Производится оно как раз на тех мощностях, кои "спали" до сего дня и наше Артиллеристское Ведомство думает, что мы успеем хотя бы частично перевооружиться к Нашествию. Из этого ж следует, что... Все что мы с вами сделаем - просто негде производить. И тем не менее...
Я уже просмотрел доклады всех групп и думаю, что у нас все возможности довести до ума пять-восемь проектов. Это немного. Но даже одного из них возможно достаточно, чтоб наша армия получила военное превосходство.
Именно потому - не ждите благодарностей. Не ждите наград. Позиция нынешнего правительства такова: мы отстаем от прочей Европы, - поэтому нужно сдаться Антихристу!
Любой наш малейший успех будет встречен в штыки...
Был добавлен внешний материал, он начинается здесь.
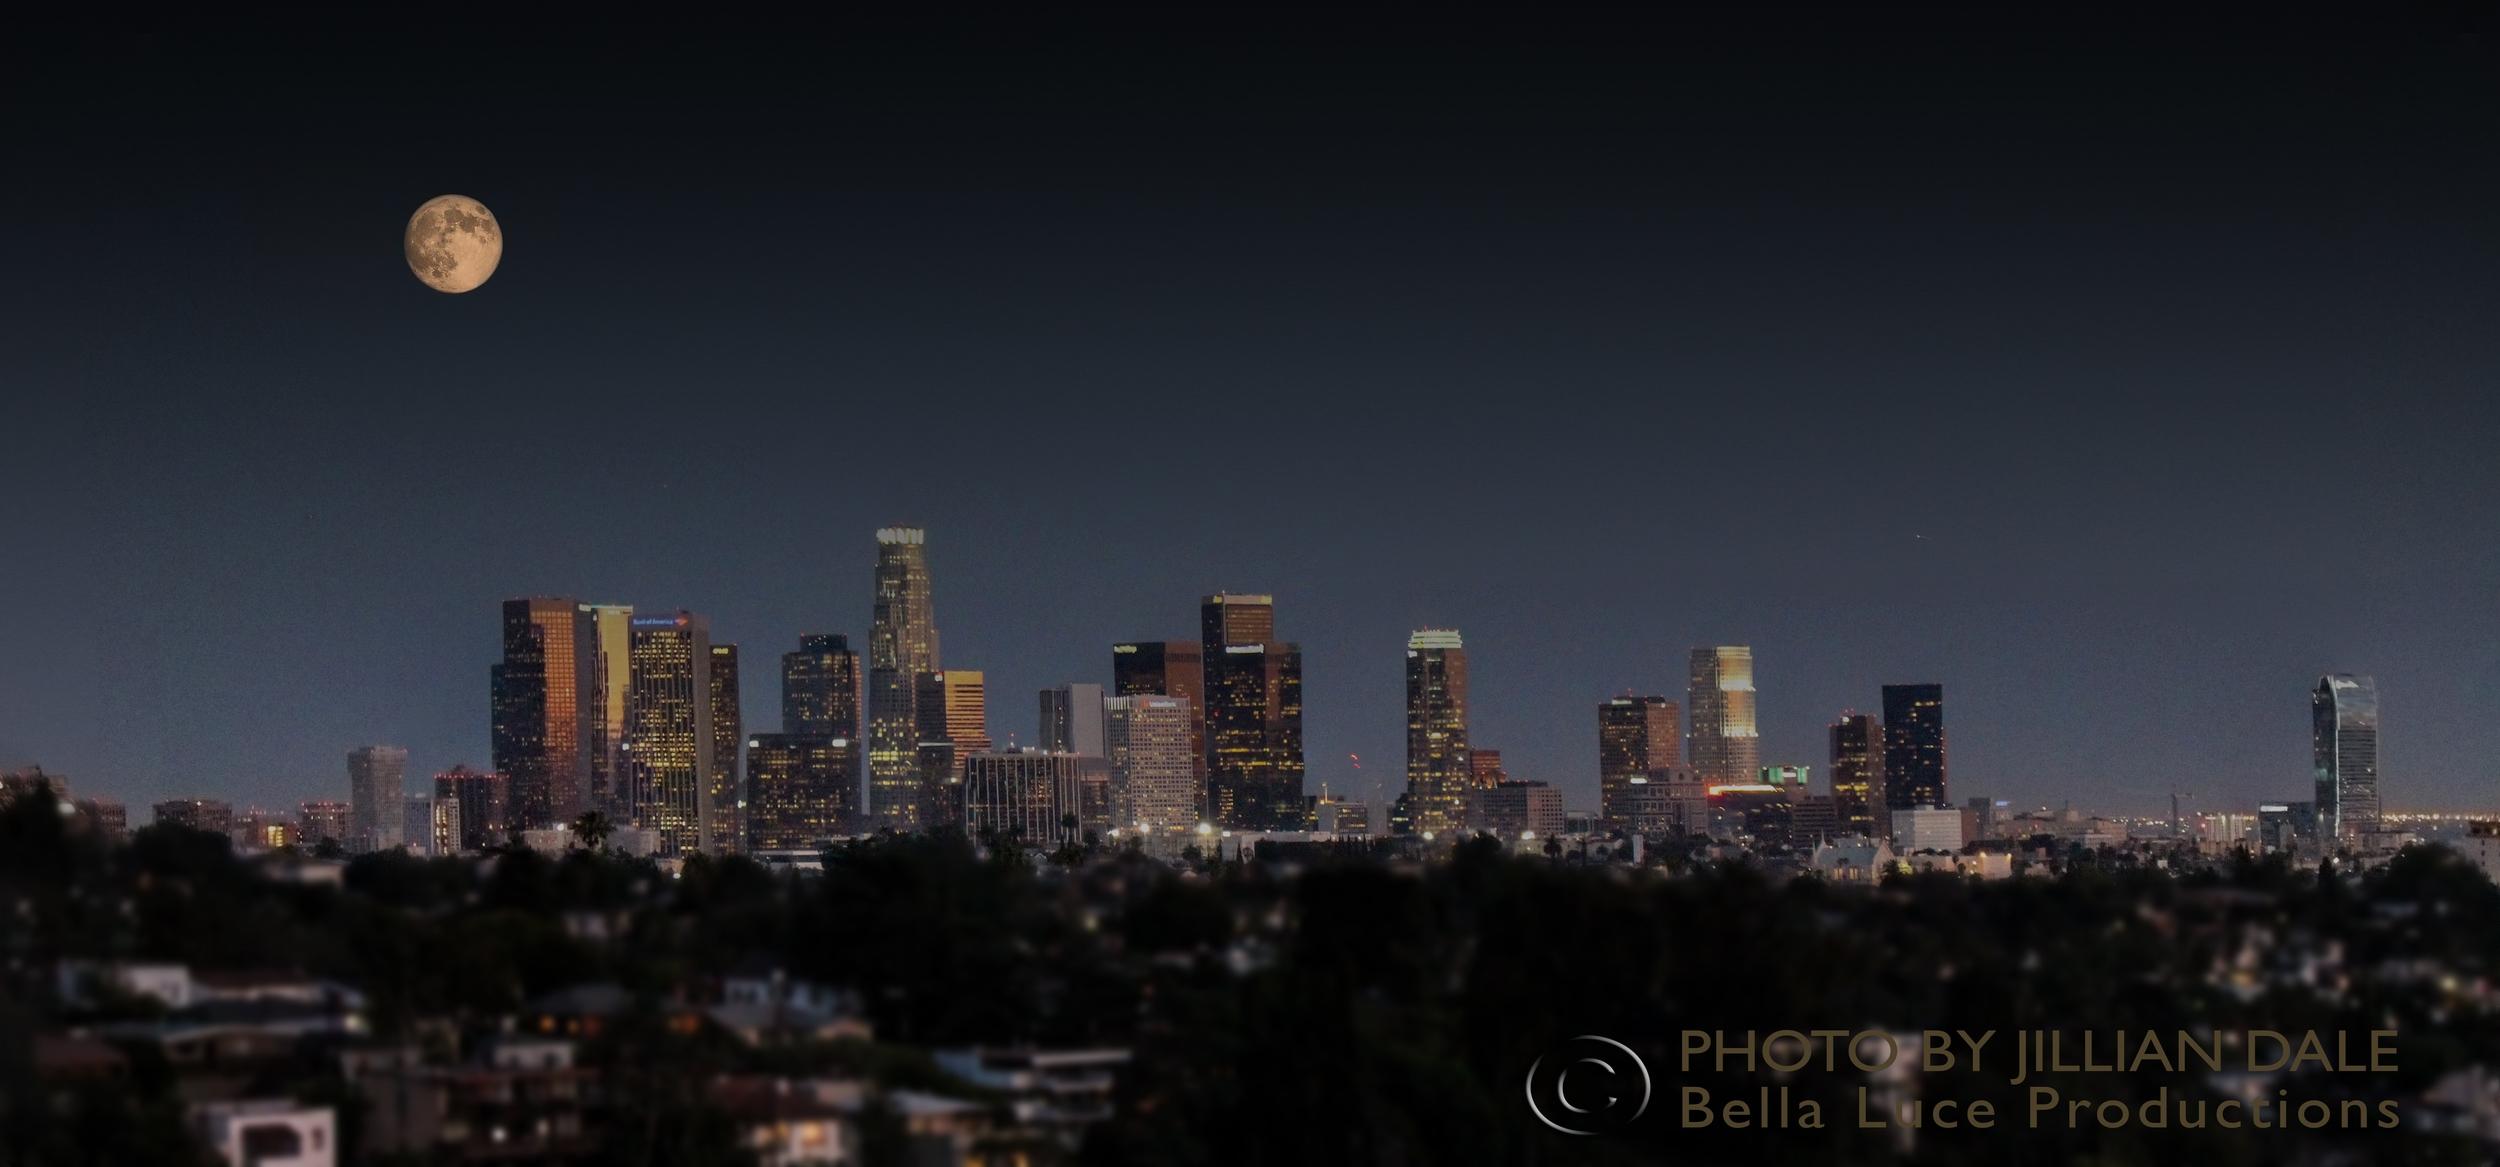 Los Angeles Skyline by Jillian Dale | Bella Luce Productions

Не удивляйтесь, - коль за открытие вас пожелают загнать в Сибирь. Постарайтесь не говорить ничего - никому из столицы, а ежели что - сразу ко мне. Чем сможем - поможем.
Вот, пожалуй, и - все..."
Я - не Цицерон. Я не знаю и не умею всего. Но люди поверили мне. Аудитория "парадного зала" моей "Альма Матер" выслушала меня, а затем разошлась - будто бы ничего не случилось. Но работы по каким-то причинам пошли не в пример веселей и уже после Войны все ученые говорили, что у них появилась какая-то цель и еще... Гадолин однажды сказал:
- "Я - швед. Пленный швед... По всему я должен бы ненавидеть Вашу Империю. Но когда пришли Вы, я вдруг осознал Цель. Не очень хорошую - я захотел "утереть нос" всем, кого по сей день почитаю "врагом" и "насильником" над моей Родиной.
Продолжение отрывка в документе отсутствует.